Samples containing equal quantities of total proteins (20–40mg, depending on the protein of interest) were separated by 6%, 10%, or 12% sodium dodecyl sulfate polyacrylamide gel electrophoresis (depending on the molecular weight of the protein of interest) and transferred onto polyvinylidene difluoride membranes (Millipore). Membranes were blocked in Tris-buffered saline (TBS) containing 0.15 % Tween-20 (TBS-T) and 1% Bovine serum albumin (BSA) for 90 minutes at room temperature (RT), and incubated overnight at 4ºC with the primary antibody diluted in 1% BSA in TBS-T. The following primary antibodies were used: goat polyclonal anti-PTN (1:1000; AF-252-PB, R&D Systems); rabbit polyclonal anti-MK (1:500; sc-20715, Santa Cruz Biotechnology); mouse monoclonal anti-RPTPβ/ζ (1:750; 610180, BD Transduction Laboratories); mouse monoclonal anti-phospho-ERK 1/2 (p-ERK 1/2; 1:1000; sc-7383; Santa Cruz Biotechnology); mouse monoclonal anti-ERK 1/2 (1:1000; sc-135900; Santa Cruz Biotechnology); rabbit monoclonal anti-phospho-Akt (p-Akt; 1:2000; #4060, Cell Signaling Technology Inc.); and rabbit polyclonal anti-Akt (1:1000; #9272, Cell Signaling Technology Inc.). Blots were subsequently reblocked and probed with rabbit polyclonal anti-glyceraldehyde 3-phosphate dehydrogenase (GAPDH) (1:5000; #2118, Cell Signaling Technology Inc.) or rabbit polyclonal anti–α-Tubulin (1:2500; #2144, Cell Signaling Technology Inc.).

GFAP Immunohistochemistry

Sections of the NAc shell were used for immunohistochemistry to detect astrocytes. Immunohistochemistry was performed as described by García-Pérez et al. (2012). We used mouse monoclonal anti-GFAP (1:400; sc-33673, Santa Cruz Biotechnology) as the primary antibody. The secondary antibody was horse anti-mouse (1:500; BA-2000, Vector Laboratories).

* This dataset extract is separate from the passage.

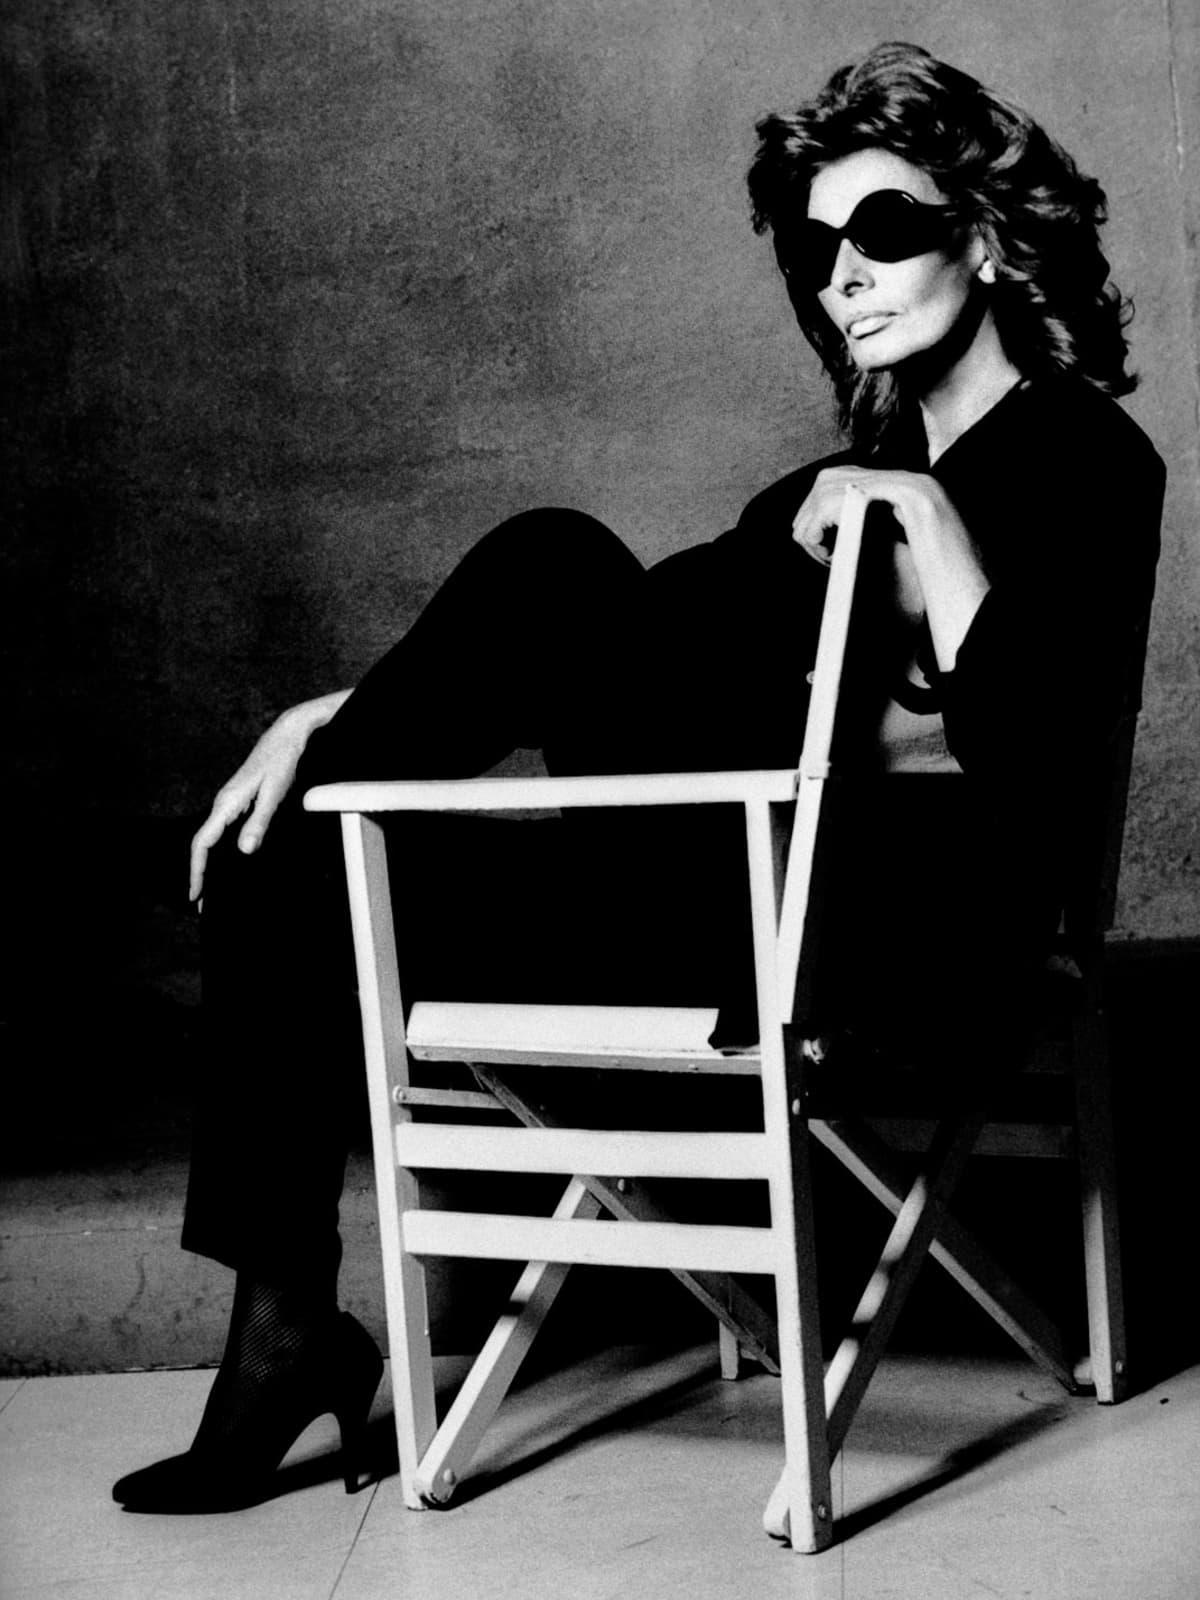 News_Greg Gorman_Sophia Loren

Quantification GFAP-Positive Cells

Neuroanatomical sites were identified using the Paxinos and Watson (1997) atlas. Photomicrographs were captured by means of a Leica microscope (DM 4000B; Leica) connected to a video camera (DFC290, Leica). GFAP-positive cell nuclei were counted using a computer-assisted image analysis system (QWIN, Leica). Positive cells were counted at 20X magnification. A square field (325 µm) was superimposed upon the captured image to use as a reference area. The number of astrocytes was counted bilaterally in four to five sections from each animal, including the rostral NAc shell and caudal NA(shell), and averaged to obtain a single value for each rat. The whole histological quantification was performed blindly. Total counts for different brain regions are expressed as mean ± standard error of the mean (SEM).

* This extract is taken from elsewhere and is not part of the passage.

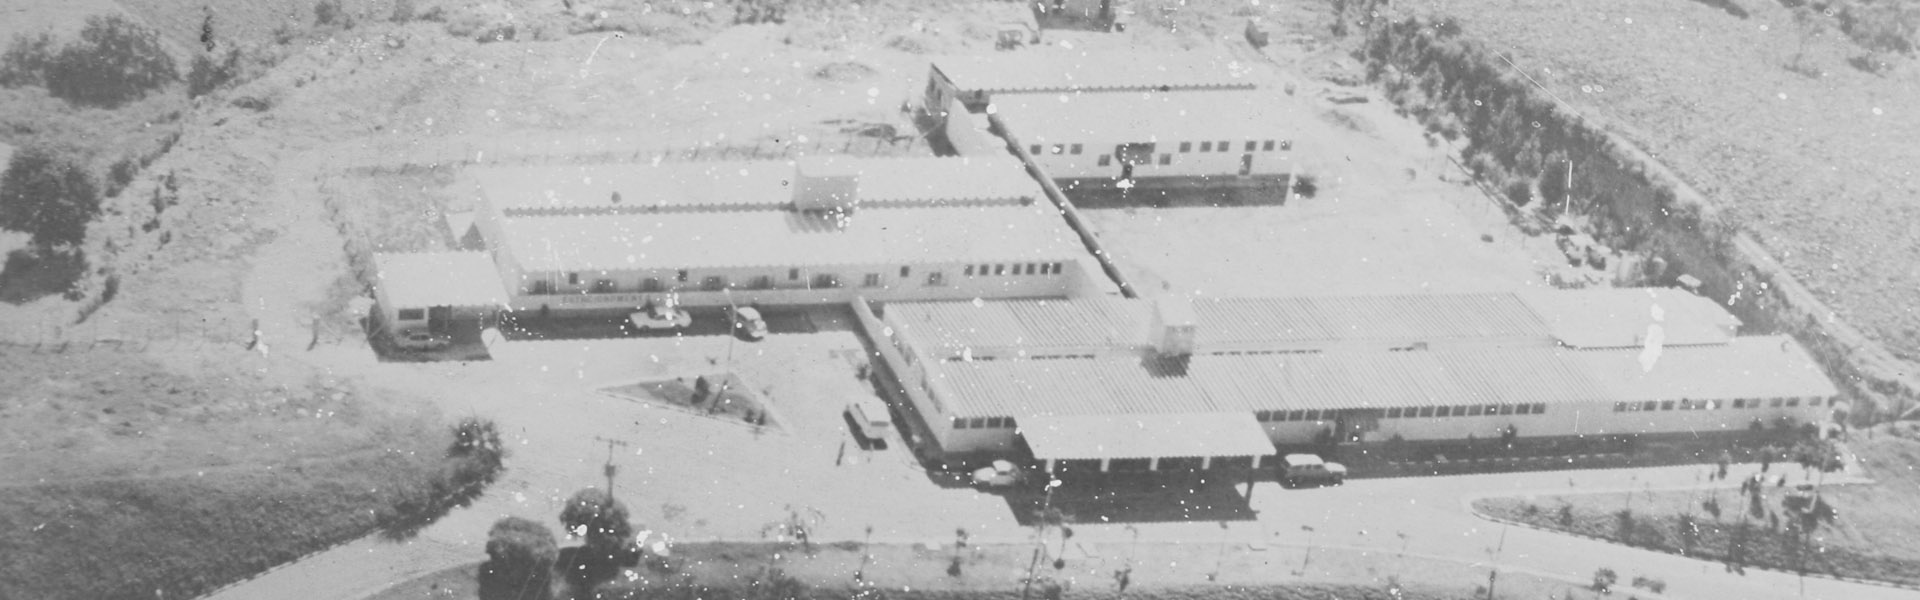 hospital-foto1

GFAP Densitometric Analysis

The same conventional light microscopy described above was used for an optical density study of the nuclei and processes as described by García-Pérez et al. (2014). In addition, the area outlined in each image was also calculated to assure that there were no differences between the regions of interest analyzed in different groups.

Immunofluorescence

The characterization and specificity of antibodies used in this study have previously been established and proven to be suitable for our research by isotype, epitope, applications, and species reactivity. Negative controls without the primary antibody also were used to assure a lack of non-specific binding of the secondary antibodies used for immunofluorescence (García-Pérez et al., 2013). Sections were treated with citrate buffer (60°C for 20min). Non-specific Fc binding sites were blocked with 2% normal horse serum/0.3% Triton-X-100 in PBS for 1h at RT, and the sections were incubated for 72h (4ºC, constant shaking) with primary antibodies: mouse monoclonal anti-GFAP (1:400; sc-33673, Santa Cruz Biotechnology; Roberts et al., 2009; Wang et al., 2013), goat polyclonal anti-PTN (1:400; AF-252-PB, R&D Systems; Gurok et al., 2004; Marchionini et al., 2007), and rabbit polyclonal anti-MK (1:250; sc-20715, Santa Cruz Biotechnology; Doi et al., 2011; Lorente et al., 2011). Secondary antibodies were applied sequentially for 4 h: Alexa Fluor 488 anti-rabbit immunoglobulin G (IgG) (1:1000; A-21206, Invitrogen), Alexa Fluor 594 anti-goat IgG (1:1000; A-11058, Invitrogen), and Alexa Fluor 405 anti-mouse IgG (1:1000; A-31553, Invitrogen).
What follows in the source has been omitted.